By Mike Whitmire, CEO and Co-founder, FloQast
AI is already transforming the finance and accounting functions, from automating routine tasks to generating strategic insights. But with great power comes great responsibility. As AI begins to influence financial figures, forecasts, and filings, one uncomfortable question looms: Who’s on the hook if it gets something wrong?
The short answer is: the human at the end of the process is.
As the CEO of a company that builds accounting transformation solutions, and as a former auditor myself, I believe the responsibility for AI-generated financial outputs will ultimately rest with finance leaders – CFOs, controllers, and their teams. AI doesn’t absolve responsibility; it amplifies it. And that’s why auditability of AI is no longer a nice-to-have – it’s a fundamental requirement.
The mirage of AI objectivity
Today’s AI can produce balance sheets, income statements, and journal entries with astonishing speed. But speed without scrutiny is a recipe for disaster. These systems can hallucinate, misclassify transactions, or base calculations on flawed logic, often with little indication that anything’s amiss.
The problem is compounded by opacity. Most AI models, especially large language models (LLMs), are black boxes. Their decision-making processes are buried in layers of statistical probabilities and training data. Even developers can’t always explain why a model made a certain decision. That’s a non-starter for finance, where compliance, traceability, and accountability are paramount.
So, what happens when AI-generated financials don’t add up? When numbers are wrong and decisions are made on faulty outputs, boards won’t be pointing fingers at OpenAI, Microsoft, or Google. They’ll be looking at the CFO.
Why traditional audits don’t work for AI—Yet
Historically, auditors have validated financials using sampling techniques or manual checks. But if an AI system is involved, especially one with opaque logic, those methods break down. How do you verify a calculation when the logic behind it is buried in a neural network?

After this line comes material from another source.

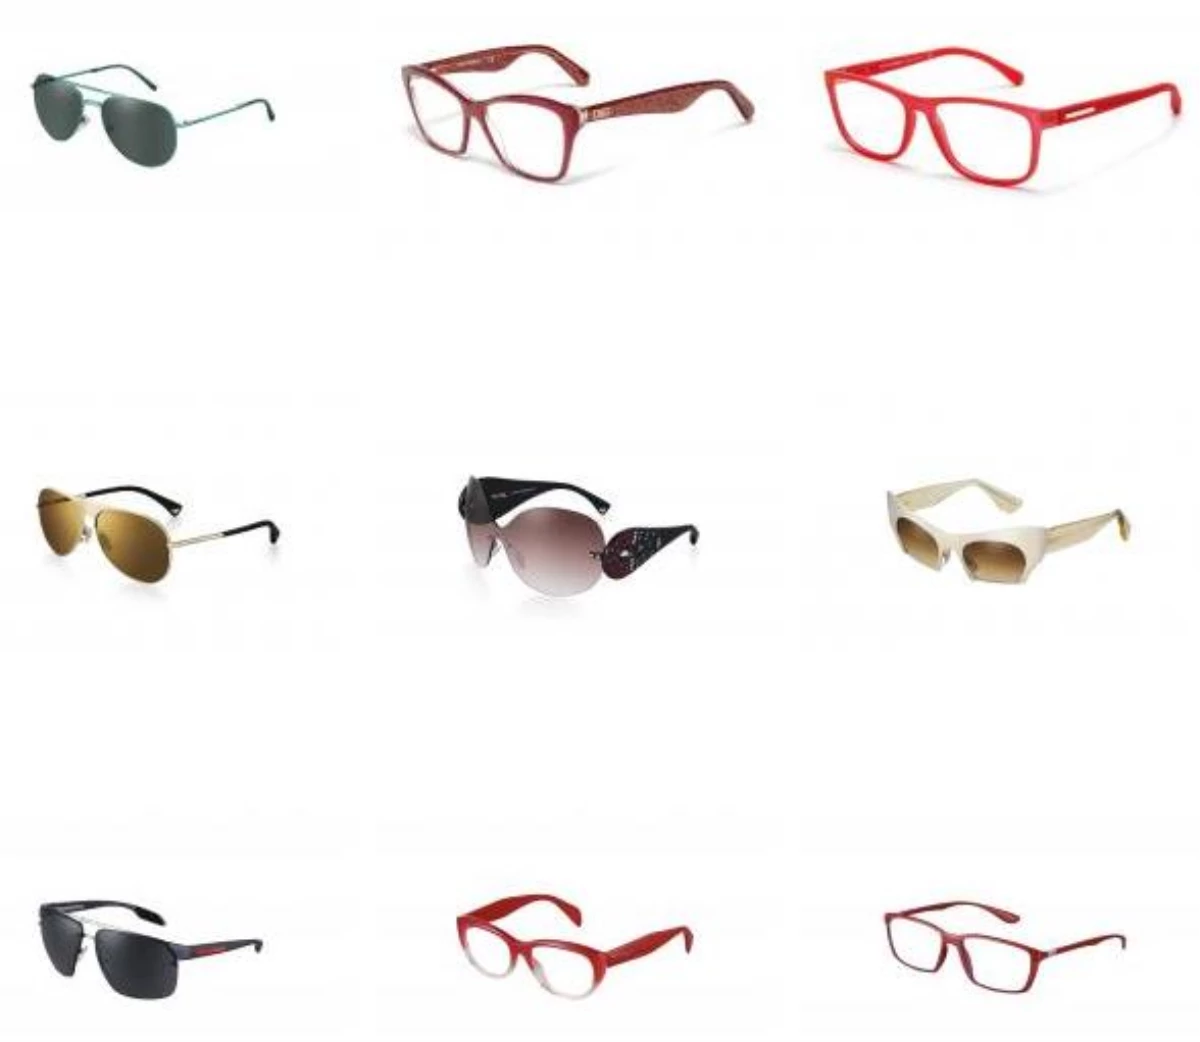 Yeni Yılda Luxottica Gözlükte Harika Öneriler Sunuyor

One option is to audit the output by re-performing all calculations manually. That’s neither scalable nor realistic, especially amid a growing talent shortage. Another option is to ask auditors to learn how AI models work. But good luck with that; keeping up with constantly evolving LLMs isn’t feasible.
So, we need a third path.
A practical alternative: transparent, traceable AI
Instead of relying on black-box models, finance teams need AI platforms that function more like a collaborative partner and less like a mysterious oracle. At FloQast, we’re pioneering a new approach: systems where accountants define their workflows in plain language and AI generates custom, visible, testable code in the background.
This architecture flips the AI trust equation. Rather than auditing results after the fact, auditors can examine the process. Every calculation, control, and input is visible, and changes are tracked. Once a workflow is tested, auditors can trust the output with a higher degree of confidence, because it’s not just AI doing the work, it’s AI following clearly defined, auditable rules.
This isn’t just about building smarter tools. It’s about building trustworthy ones.
Trust is the real currency
For AI to become a pillar of modern finance, it needs to inspire confidence at every level, from the analyst reviewing an automated journal entry to the regulator evaluating the final report. That means showing your work, tracking your changes, and making every output explainable.
Consider something as mundane as a journal entry. If AI classifies a transaction, it should also explain why. What logic was applied? What controls were in place? Who reviewed it? In a future audit, the system should be able to answer all of those questions. Without that transparency, you’re just hoping the machine got it right. And that’s not good enough.
The stakes are too high
Unchecked AI in finance isn’t just a risk, it’s a liability. Misstatements can lead to restatements, fines, and reputational damage. More importantly, they erode the trust that underpins financial reporting.
The future of AI in finance must be built on traceability, transparency, and accountability. AI should make audits easier, not harder. It should reduce risk, not create it. That means designing systems with auditability at their core, not bolted on as an afterthought.
So, who’s on the hook if AI gets the numbers wrong? You are. But with the right systems in place, you’ll also be the reason it gets them right.